What is lifetime value?
In marketing, customer lifetime value (CLV or often CLTV), lifetime customer value (LCV), or lifetime value (LTV) is the present value of the future cash flows attributed to the client during his/her entire relationship with the company. CLV is a not a traditional CRM key performance indicator because of this particularly troublesome as this metric is future looking, identifies both the degree of customer-centricity along with customer upside potential, and can be a catalyst for spurring increases in customer share, customer retention, margin improvement and top line revenues.
The simplest way to estimate lifetime value: Plug actual or expected numbers into the following equation:
LTV = (Average Value of a Sale) X (Number of Repeat Transactions) X (Average Retention Time in Months or Years for a Typical Customer)
An easy example would be the lifetime value of a gym member who spends $30 every month for five years. The value of that customer would be:
$30 X 12 months X 5 years = $1800 in total revenue (or $360 per year)
Now you can see even from this hypothetical example why many gyms offer a free starter membership to help drive traffic. Gym owners know that as long as they spend less than $360 to acquire a new member, the customer will prove profitable in a short amount of time.
What is lifetime value Report(BETA) in Google?
The Lifetime Value report is somewhat self-explanatory – it gives us a way to measure the lifetime value of a user – which in turn allows us to determine the CPA (Cost Per Acquisition) and the overall effectiveness of our marketing campaigns. It also makes it possible to compare the CPA for different sources, channels, and mediums.
Is a particular campaign or medium more efficient than another? Perhaps you are wasting money on a source which isn’t providing an adequate return to justify the expenditure? This report will give you the data to work these things out.
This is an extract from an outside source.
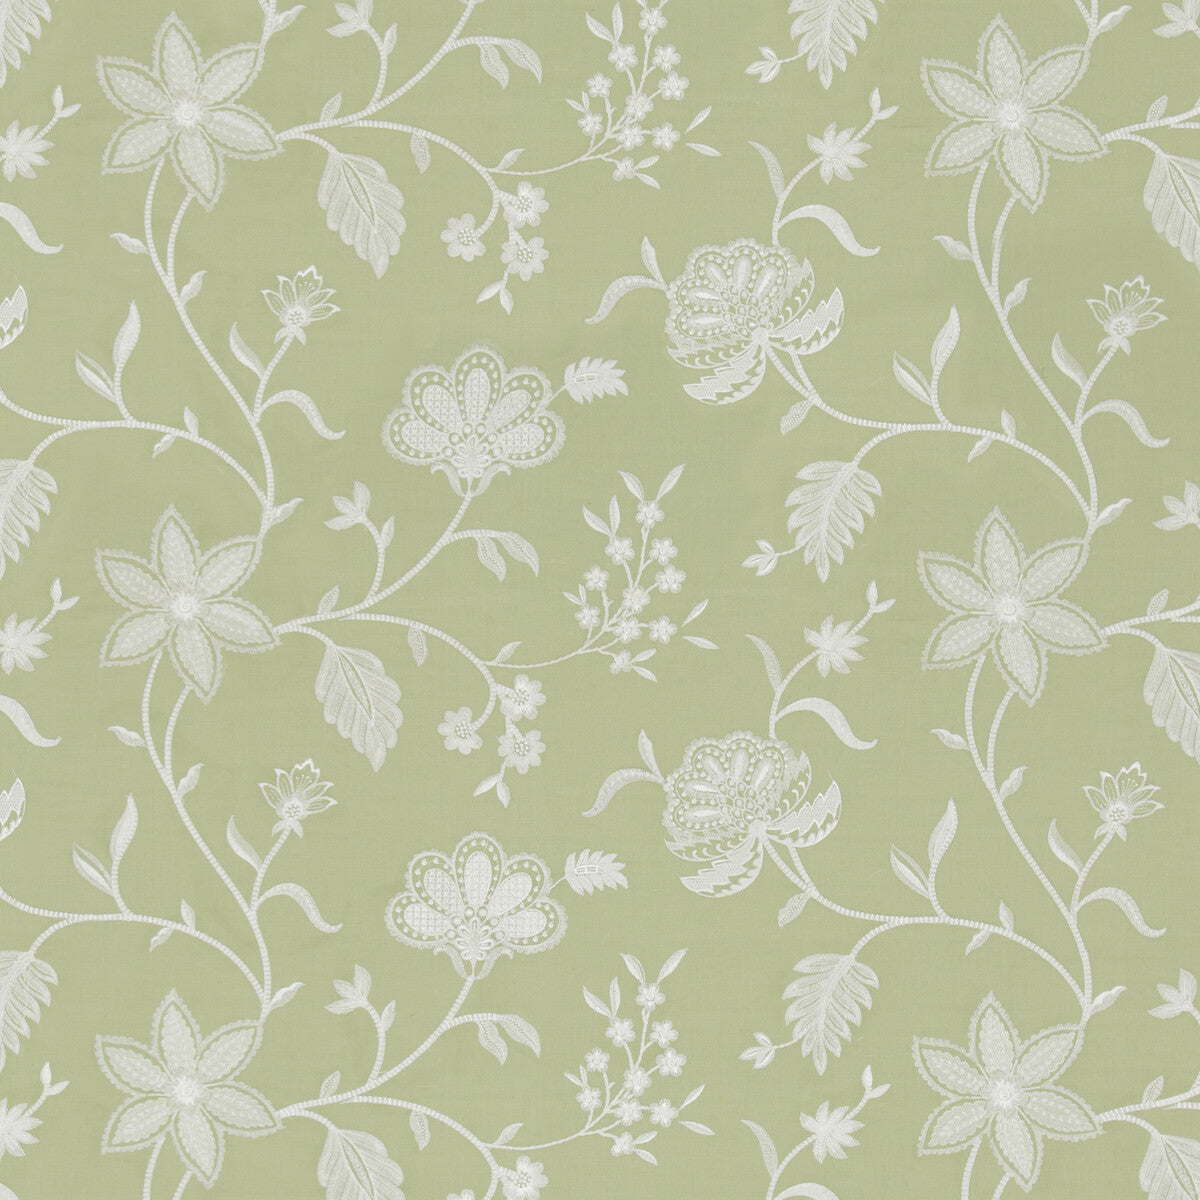 Petherton fabric in green color - pattern PF50504.735.0 - by Baker Lifestyle in the Bridport collection

How does the lifetime value report work?
The x-axis of the graph represents 90 days and can be viewed in daily/weekly/monthly increments. The starting date is the date of acquisition (which can be anytime during the Acquisition Date Range selected), and the graph shows how the cumulative metric values change over time.
In short, you pick a range of dates for when users were acquired, and the report will show you the average of whichever metric you have chosen for the users that visited the site for the first time between those dates.
Here are the metrics currently available in the Lifetime Value report:
- App views Per User
- Goal Completions Per User
- Revenue Per User
- Session Duration Per User
- Sessions Per User
- Transactions Per User
How can you use this report?
There are many ways you could use the data from this report. Here’s an example: say you had a payday campaign running on the last Friday of the month. You could select that date as the acquisition date, choose Revenue Per User as the metric and the report would then show you the average Lifetime Value of the users acquired on that date based on their interactions since then.
Once you have some idea of the lifetime value of your customer, you have two options in deciding how much to spend to acquire him or her:
Allowable acquisition cost: This is the amount you are willing to spend per customer per campaign — as long as the cost is less than the profit you make on your first sale. The allowable acquisition is a shorter-term strategy that makes the most sense when cash flow is a concern.
Investment acquisition cost: This is the cost you are willing to spend per customer knowing that you will take a loss on an initial or even subsequent purchase. However, you have the cash flow and other resources to absorb your initial marketing investment with this longer-term strategy.
Customer Lifetime Value Benefits:
Regardless of its potential challenges, customer lifetime value (CLV) is a powerful tool and a meaningful marketing metric – sometimes referred to as “the golden metric.” In particular, it helps the marketer to:
- Measure and demonstrate the bottom-line financial impact of marketing activities,
- Precisely align marketing programs with financial objectives and targets,
- Focus on marketing from a marketing ROI perspective by determining the optimal balance between acquisition, share-of-customer, and enhanced loyalty goals, increasing customer profitability over time
- Ascertain the impact of internal marketing programs, as well as competitive and environmental factors on long-term customer profitability,
- The stress testing of various marketing goals and environmental impacts,
- Balance the competing needs of short-term profitability and longer-term goals,
- Understand the bottom-line profit contribution of different customer segments,
- Demonstrate a long-term financial return for a range of marketing investments.